An artist created a commemorative marker in the shape of a triangular pyramid. Find the volume of the stone used to make the marker. Round to the nearest tenth.
Understand the Problem
The question asks to find the volume of a triangular pyramid. We are given the area of the base (A = 15.6 ft^3) and the height (12 ft) of the pyramid. The formula for the volume of a pyramid is V = (1/3) * base area * height. The final answer should be rounded to the nearest tenth.
Answer
$62.4 \text{ ft}^3$
Answer for screen readers
$62.4 \text{ ft}^3$
Steps to Solve
- Write down the formula for the volume of a pyramid
The volume $V$ of a pyramid is given by
$V = \frac{1}{3} \times A \times h$
where $A$ is the area of the base and $h$ is the height of the pyramid.
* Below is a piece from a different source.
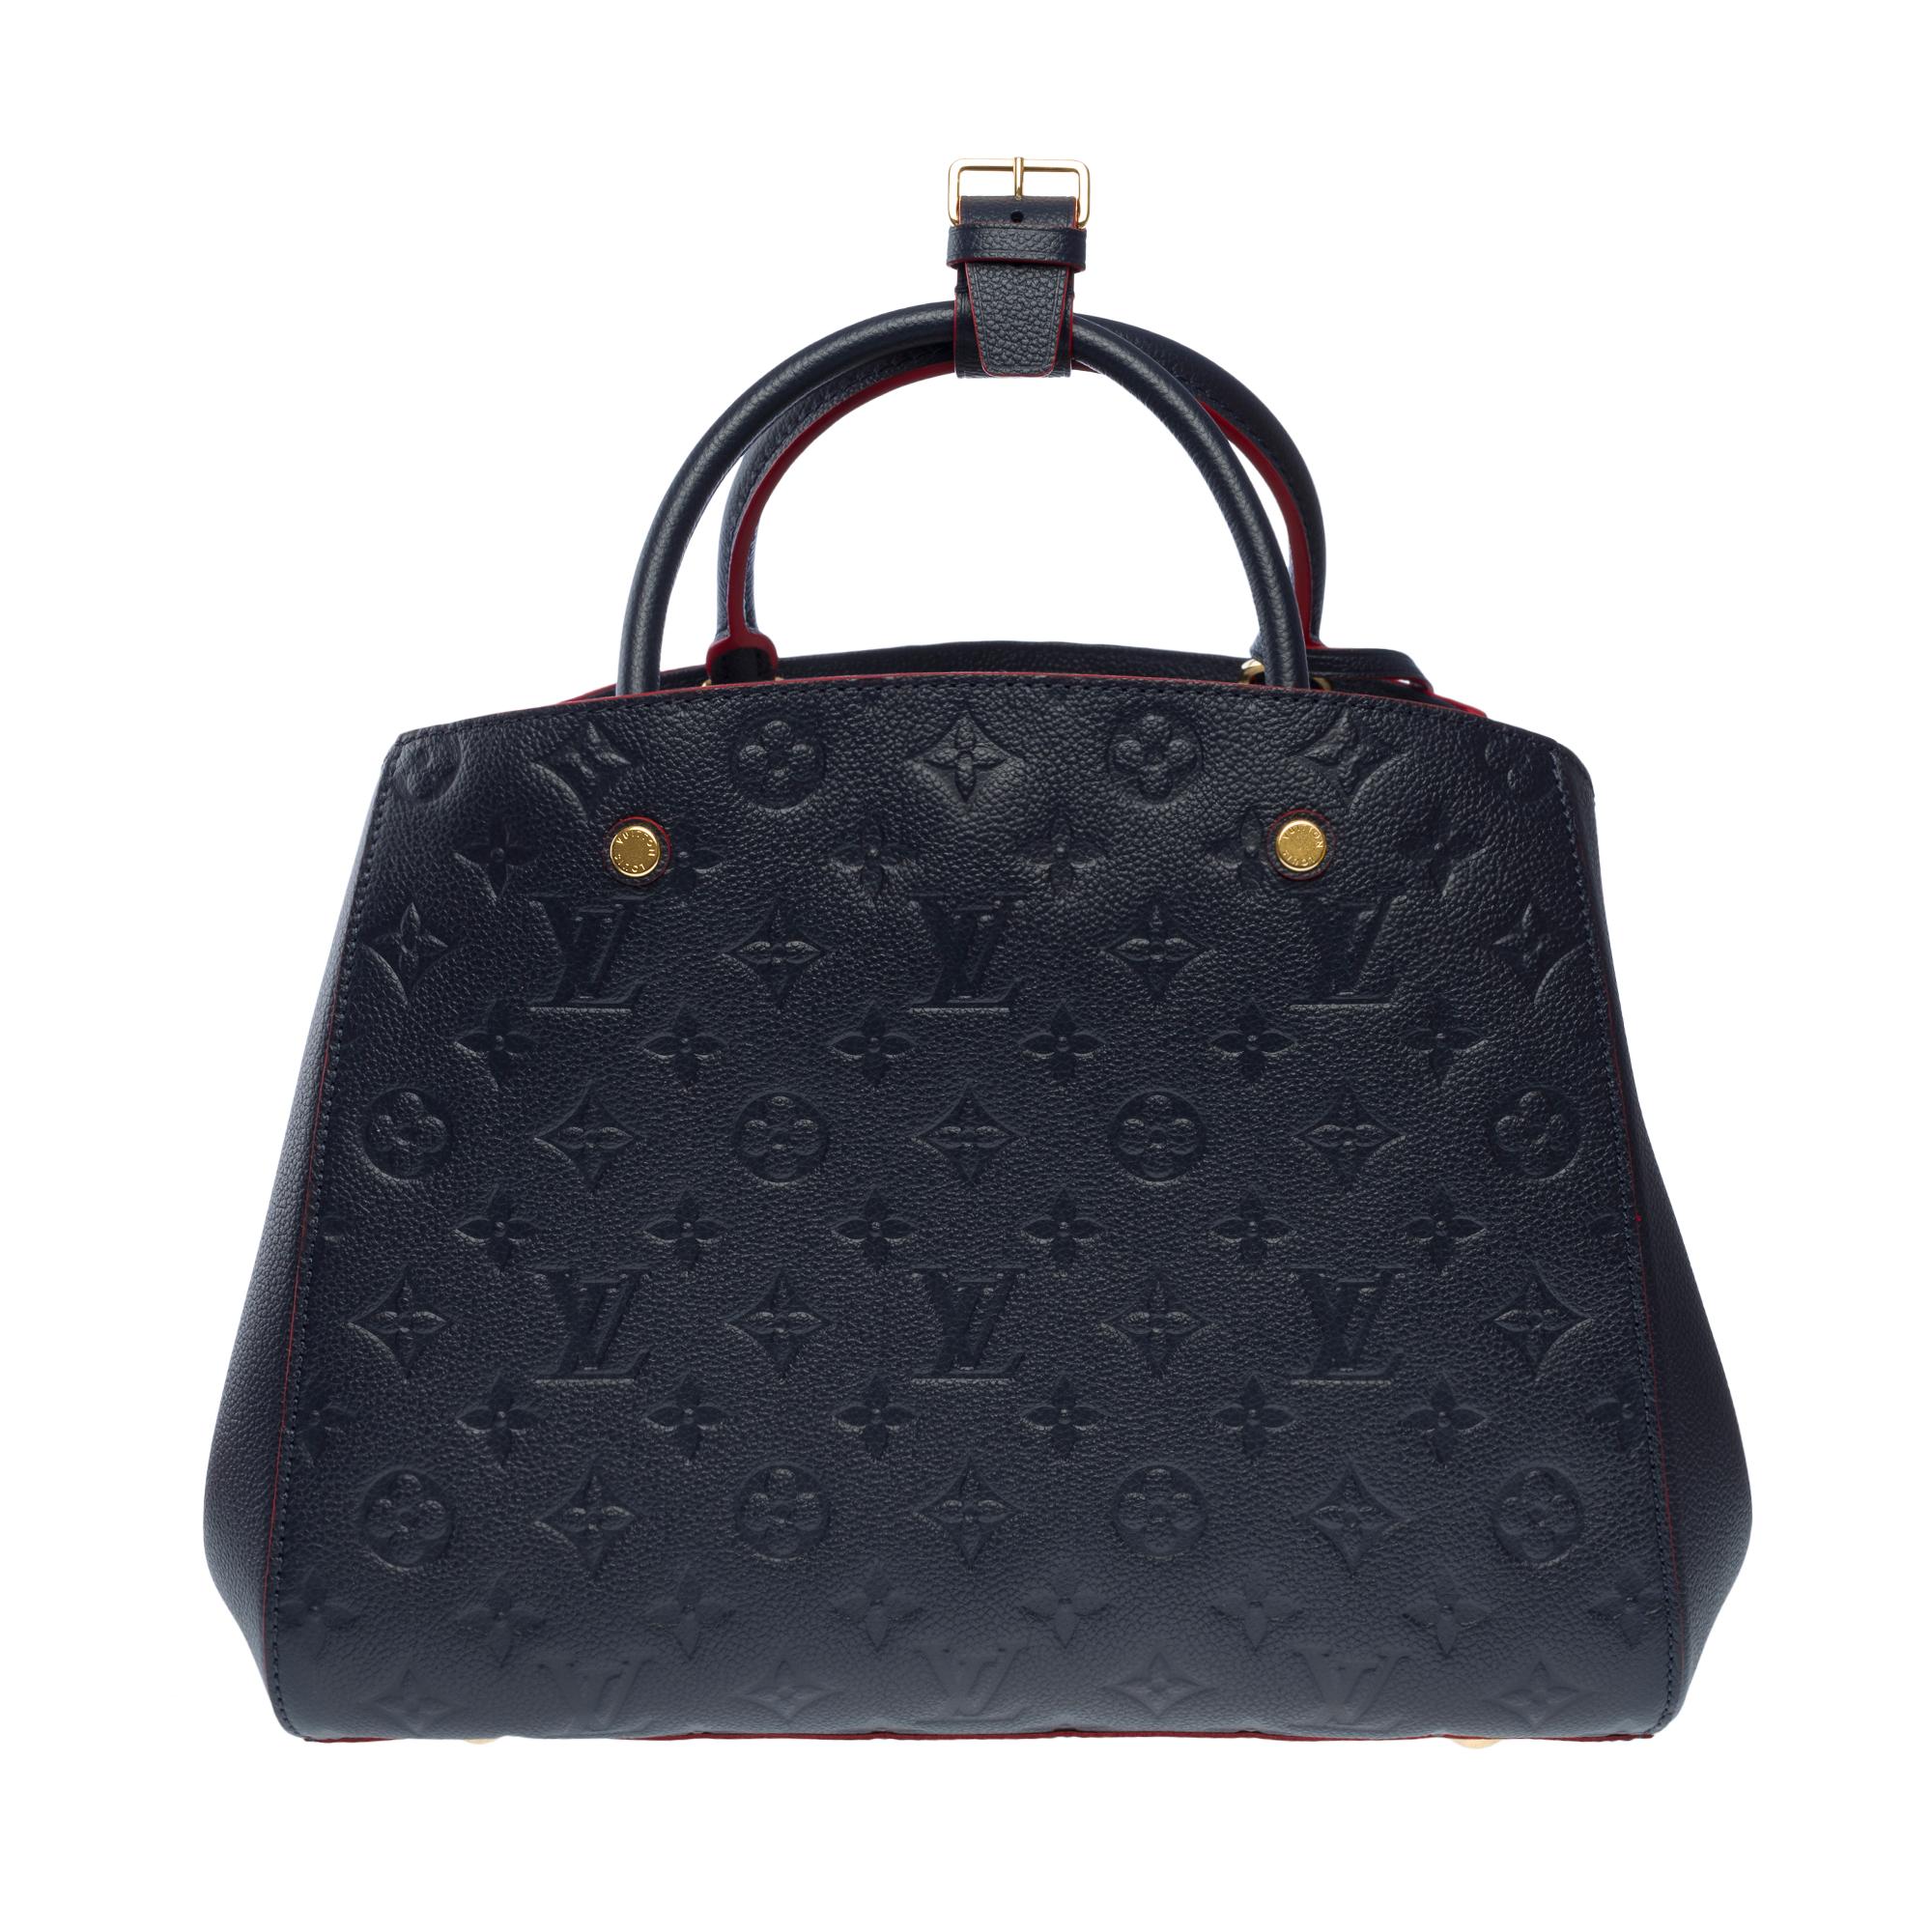 Orange Louis Vuitton Montaigne MM handbag strap in blue/red monogram leather , GHW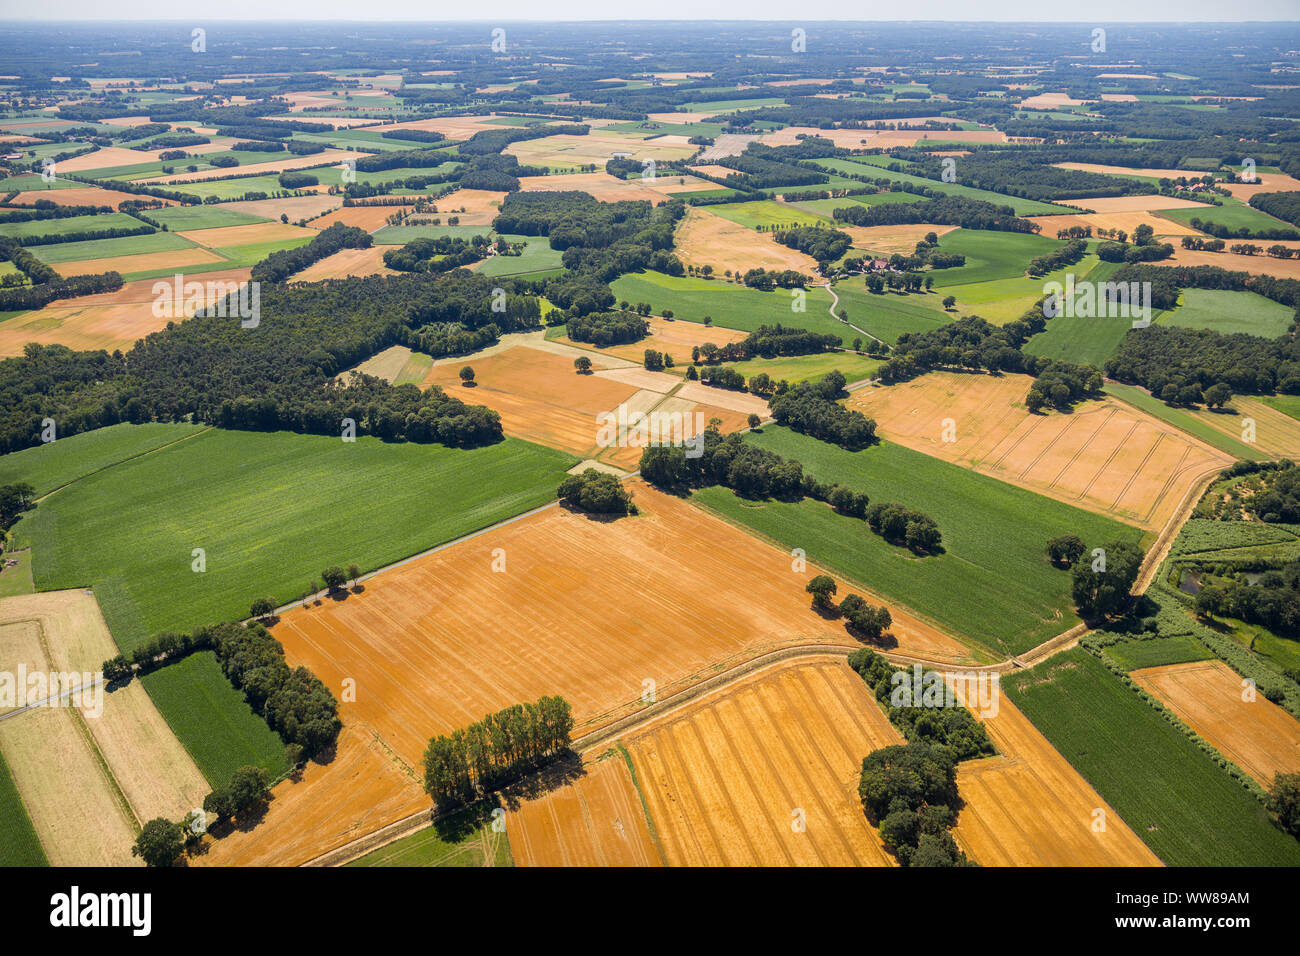 Vue aérienne, vue de l'orientation BrÃ¼skenheide Brock, Brock, Ostbevern, MÃ¼nsterland, Nordrhein-Westfalen, Germany, Europe Banque D'Images

- Plug in the given values
We are given that the area of the base is $A = 15.6 \text{ ft}^3$(Note: this is where the error lies and it should be $15.6 \text{ ft}^2$), and the height is $h = 12 \text{ ft}$.
Substituting these values into the formula, we get:
$V = \frac{1}{3} \times 15.6 \times 12$
- Calculate the volume
$V = \frac{1}{3} \times 187.2$
$V = 62.4$
The volume of the triangular pyramid is $62.4 \text{ ft}^3$.
$62.4 \text{ ft}^3$
More Information
The volume of the triangular pyramid is found by using the formula $V = \frac{1}{3} \times A \times h$, where $A$ is the area of the base and $h$ is the height. Plugging in the given values, we calculated the volume to be $62.4 \text{ ft}^3$.
Tips
The most common mistake is using the wrong formula or incorrectly substituting the values into the formula. For example, forgetting to multiply by $\frac{1}{3}$, using the wrong height or base measurement.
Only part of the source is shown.